190. Punishment for murder.

Burden of proving justification or excuse: See sec. 1105, post.

SEC. 190. Every person guilty of murder in the first degree shall suffer death or confinement in the state prison for life, at the discretion of the jury trying the same; or upon a plea of guilty, the court shall determine the same; and every person guilty of murder in the second degree is punishable by imprisonment in the state prison not less than ten years. [Amendment, approved March 28, 1874; Amendments 1873-4, 457; took effect from passage.]

Showing that defendant is already a life convict-In People v. Hong Ah Duck, 61 Cal. 387, after much deliberation, it was ruled that the prosecution may show that the defendant in a trial for murder is already a life convict, not for the purpose of affecting the question of guilt, but that the jury might know that if they brought in a verdict of guilty, and affixed as a punishment imprisonment for life, it would be no punishment at all.

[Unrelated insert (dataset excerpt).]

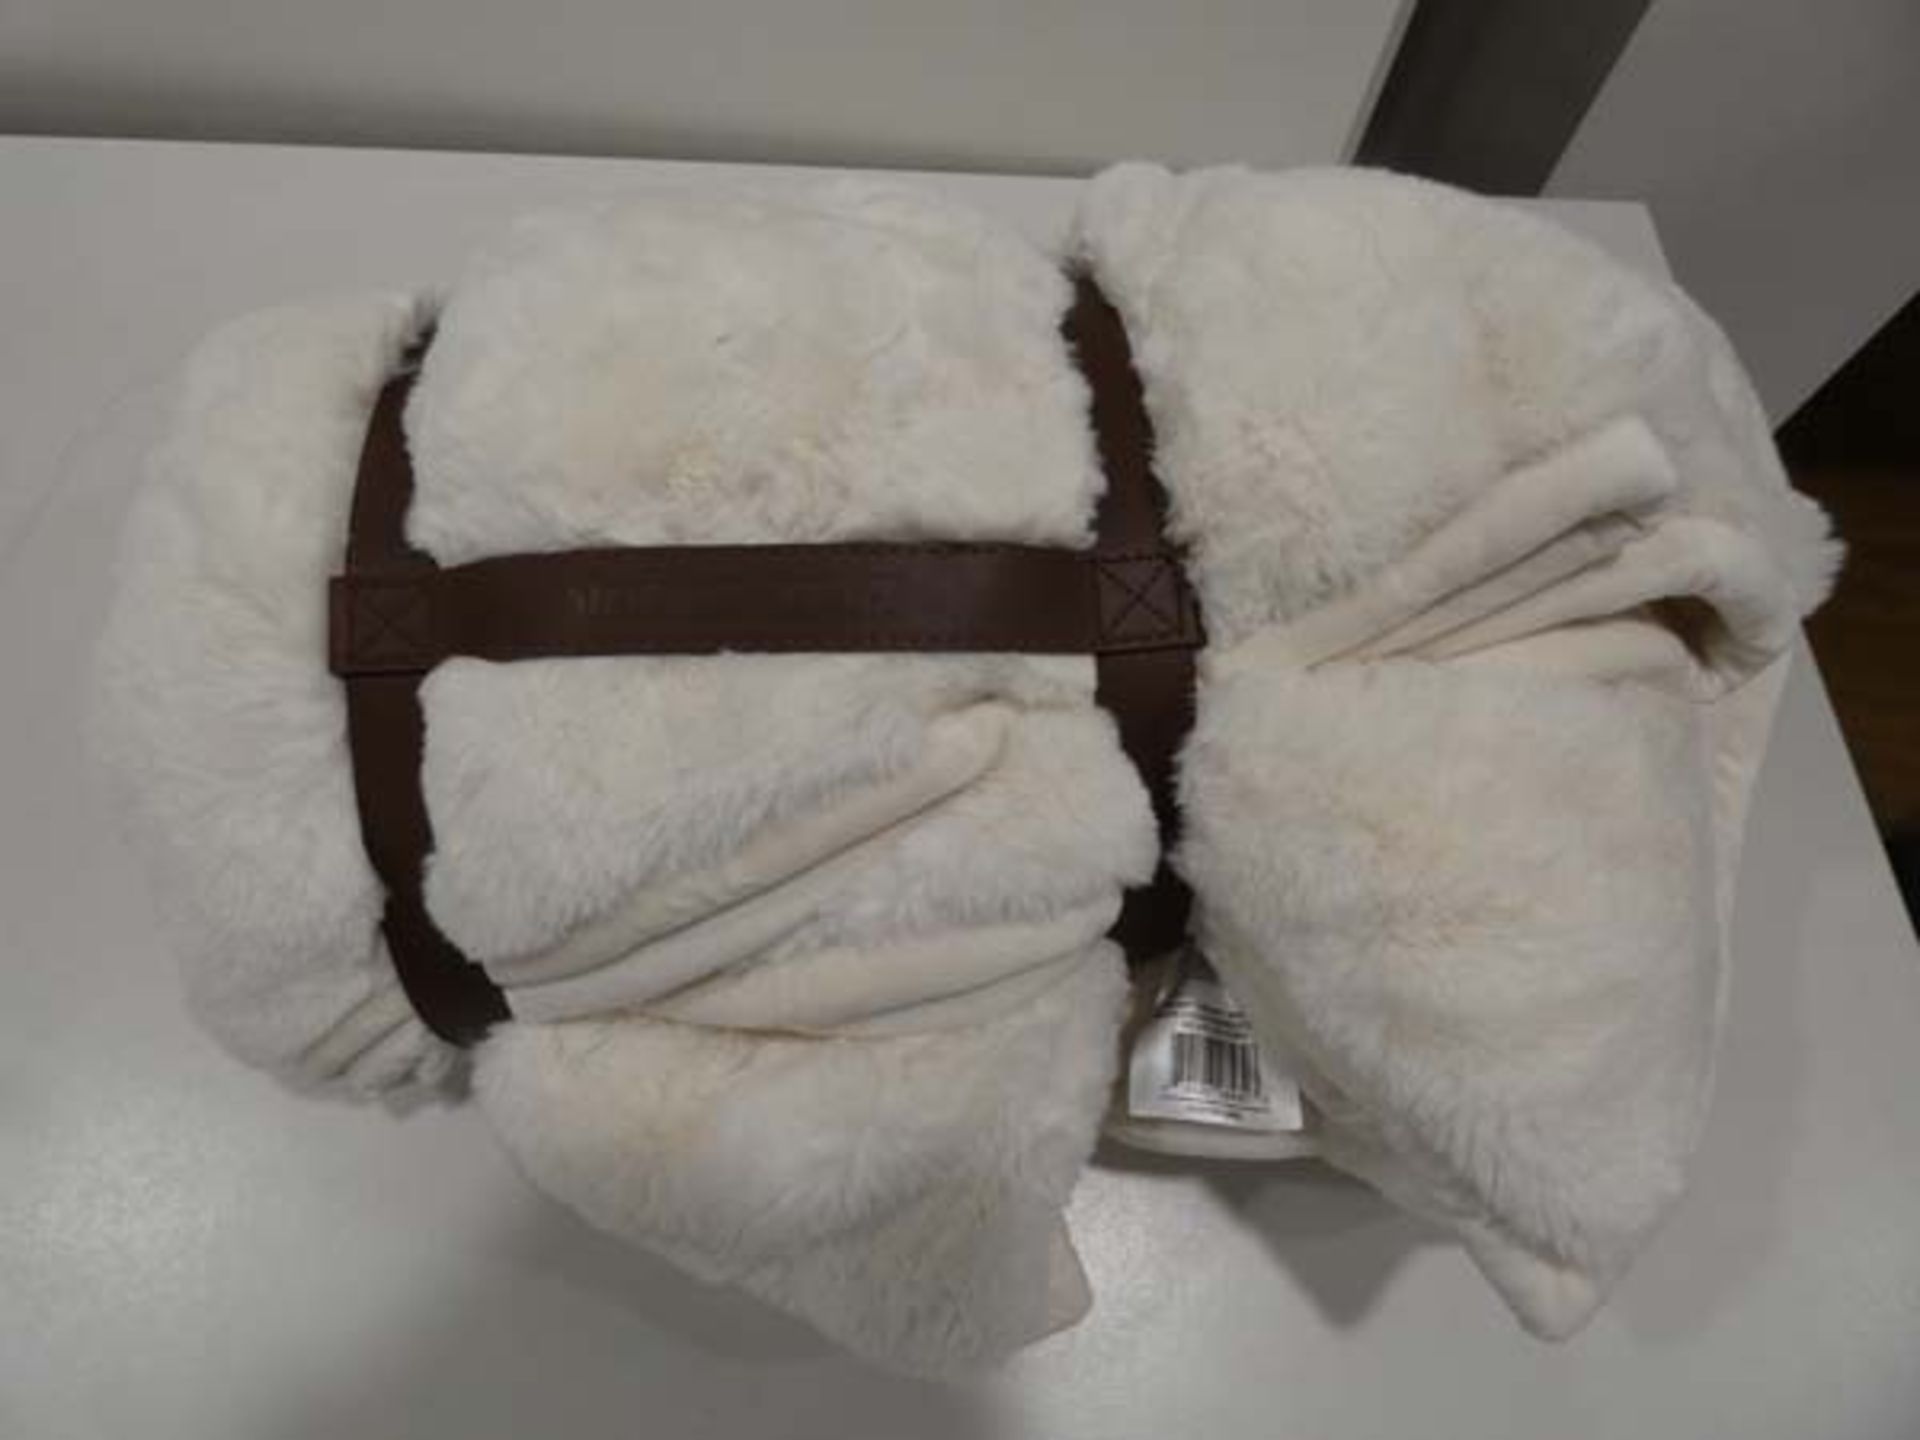 Mon Chateau luxury faux fur throw in white - Image 2 of 2

Death penalty, how executed.-Whenever, in a proper case, the judgment of the court directs the death of the defendant, the punishment in this state is inflicted "by hanging the defendant by the neck until he is dead:" See secs. 1228, 1229.

If the judgment directs that defendant be taken to the "place of public execution," it is surplusage to that extent. Sections 1228 and 1229 provide for the execution. "The place of execution is prescribed by the law-adjudging that it be public does not vitiate: People v. Brown, 59 Cal. 345, 357.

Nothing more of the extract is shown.